All records should be reproduced verbatim.
--- --- ---
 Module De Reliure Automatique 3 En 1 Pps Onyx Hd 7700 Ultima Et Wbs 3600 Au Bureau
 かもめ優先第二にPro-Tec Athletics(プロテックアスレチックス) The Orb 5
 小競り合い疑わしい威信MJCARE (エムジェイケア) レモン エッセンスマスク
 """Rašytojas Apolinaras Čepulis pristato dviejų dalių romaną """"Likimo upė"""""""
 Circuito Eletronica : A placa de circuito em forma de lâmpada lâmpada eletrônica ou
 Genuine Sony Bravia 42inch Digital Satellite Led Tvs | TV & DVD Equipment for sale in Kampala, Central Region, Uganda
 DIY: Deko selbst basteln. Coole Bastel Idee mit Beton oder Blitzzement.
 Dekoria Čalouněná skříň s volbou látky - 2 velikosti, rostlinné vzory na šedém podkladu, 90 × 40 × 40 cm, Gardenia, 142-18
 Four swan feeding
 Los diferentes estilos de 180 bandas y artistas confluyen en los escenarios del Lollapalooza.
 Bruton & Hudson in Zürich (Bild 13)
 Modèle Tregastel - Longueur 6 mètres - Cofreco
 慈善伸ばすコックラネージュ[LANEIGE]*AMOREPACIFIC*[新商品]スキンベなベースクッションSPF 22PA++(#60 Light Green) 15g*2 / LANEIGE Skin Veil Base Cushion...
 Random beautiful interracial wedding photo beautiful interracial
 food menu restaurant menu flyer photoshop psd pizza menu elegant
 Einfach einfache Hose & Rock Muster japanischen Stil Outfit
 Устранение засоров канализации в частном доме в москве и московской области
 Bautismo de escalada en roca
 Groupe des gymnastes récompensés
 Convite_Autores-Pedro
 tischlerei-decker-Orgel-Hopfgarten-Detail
--- --- ---
Result for this exercise:
 Module De Reliure Automatique 3 En 1 Pps Onyx Hd 7700 Ultima Et Wbs 3600 Au Bureau
 かもめ優先第二にPro-Tec Athletics(プロテックアスレチックス) The Orb 5
 小競り合い疑わしい威信MJCARE (エムジェイケア) レモン エッセンスマスク
 """Rašytojas Apolinaras Čepulis pristato dviejų dalių romaną """"Likimo upė"""""""
 Circuito Eletronica : A placa de circuito em forma de lâmpada lâmpada eletrônica ou
 Genuine Sony Bravia 42inch Digital Satellite Led Tvs | TV & DVD Equipment for sale in Kampala, Central Region, Uganda
 DIY: Deko selbst basteln. Coole Bastel Idee mit Beton oder Blitzzement.
 Dekoria Čalouněná skříň s volbou látky - 2 velikosti, rostlinné vzory na šedém podkladu, 90 × 40 × 40 cm, Gardenia, 142-18
 Four swan feeding
 Los diferentes estilos de 180 bandas y artistas confluyen en los escenarios del Lollapalooza.
 Bruton & Hudson in Zürich (Bild 13)
 Modèle Tregastel - Longueur 6 mètres - Cofreco
 慈善伸ばすコックラネージュ[LANEIGE]*AMOREPACIFIC*[新商品]スキンベなベースクッションSPF 22PA++(#60 Light Green) 15g*2 / LANEIGE Skin Veil Base Cushion...
 Random beautiful interracial wedding photo beautiful interracial
 food menu restaurant menu flyer photoshop psd pizza menu elegant
 Einfach einfache Hose & Rock Muster japanischen Stil Outfit
 Устранение засоров канализации в частном доме в москве и московской области
 Bautismo de escalada en roca
 Groupe des gymnastes récompensés
 Convite_Autores-Pedro
 tischlerei-decker-Orgel-Hopfgarten-Detail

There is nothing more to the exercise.